How accurately Sendlingen had measured this woman! Another would have cried out against him at this accusation—or burst into tears and so disarmed a less adamantine man. She did not blanch; she did not lift her hand to cover her unaltered features, but listened as idly as she would to the last plaint of the fool who might blown out his brains at her feet. The false Cantagnac pursued in his natural voice, rancid and imperious, rolling out the gutturals like a heavy wagon thundering over an old road.
“It follows, madame, that if you run to your husband at a faster gait than you took to run away with the Baron of Linden, to inform him of my proposition, I will tell him what you hear—I will accuse you of infanticide, of unfaithfulness—”
“He knows that!” ejaculated the woman with irony and in defiance. “Ask him, if you do not believe.”
“Impossible.”
“He would not say a word to anybody, and I would not have confessed only I was driven to it.”
“And he forgave you?”
“All!”
“He is very grand; and few men of my acquaintance would not at least have caned you smartly. However, it was not long after the ‘removal’ of your child, to put it mildly, that you threw yourself into the swim of distractions, such as were to be had hereabouts.
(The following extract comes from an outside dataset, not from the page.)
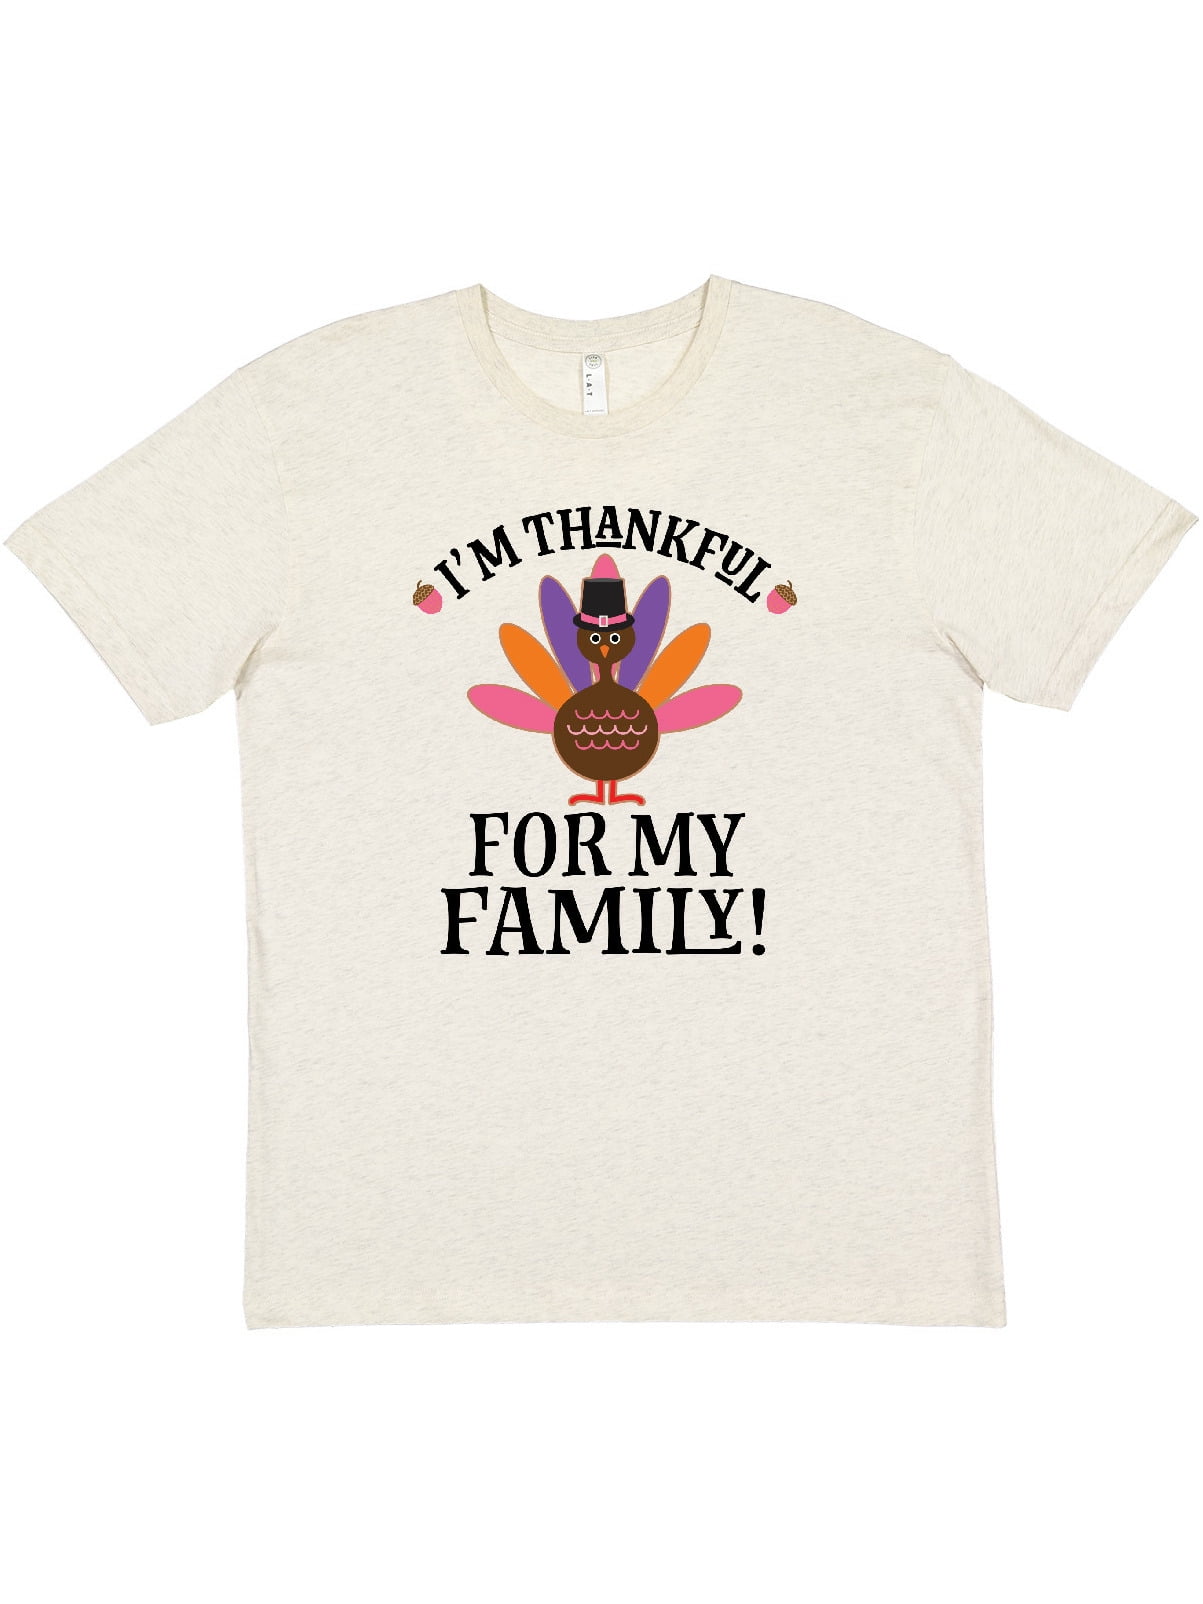 inktastic Auntie Little Turkey Thanksgiving Baby T-Shirt

The old marchioness’ circle soon surrounded you; she was one of my company’s instruments, and from that time we counted on you as a coadjutrix some day.”
“On me!”
“Precisely! to whom should we look for aid and complicity in our concealed and wary work but to the embodiment of permanent and domestic corruption? You are merely an impulse—we are a policy, and you will be our bondwoman. Ah, we are merely men—not fools, scoundrels or gods like your husband, for only such would tolerate depravity like yours.”
“He is like a god,” said Cesarine, trembling, in a low, hushed voice. “When he speaks, it seems to me that it is what people call conscience.”
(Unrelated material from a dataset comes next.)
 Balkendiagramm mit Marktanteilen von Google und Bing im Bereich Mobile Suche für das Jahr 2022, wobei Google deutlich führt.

“How long is it since you acknowledged this superiority?” sneered the sham Marseillais.
“Too short a while, alas! some few minutes,” sighed she.
“Well, granting he is at least a demi-god, he is a power which we have an interest in destroying. Hercules became a nuisance to neglectful stable-keepers, and like conservative institutions. Let us have done with him. But, first, the final training of yourself. I repeat that the marchioness’ house was the rendezvous at the gates of Paris, where we assembled our bearers of intelligence. Under cover of chit-chat and vocal-waltzes, we heard reports and issued orders. It was necessary to link you to us and we employed our foremost captivator, the dandy of two countries, the international Lothario, the Viscount-baron Gratian von Linden-hohen-Linden-cum de Terremonde. Luckily, too, he had been at the same period as myself, smitten with your vernal charms, and he entered upon his amorous mission with gusto.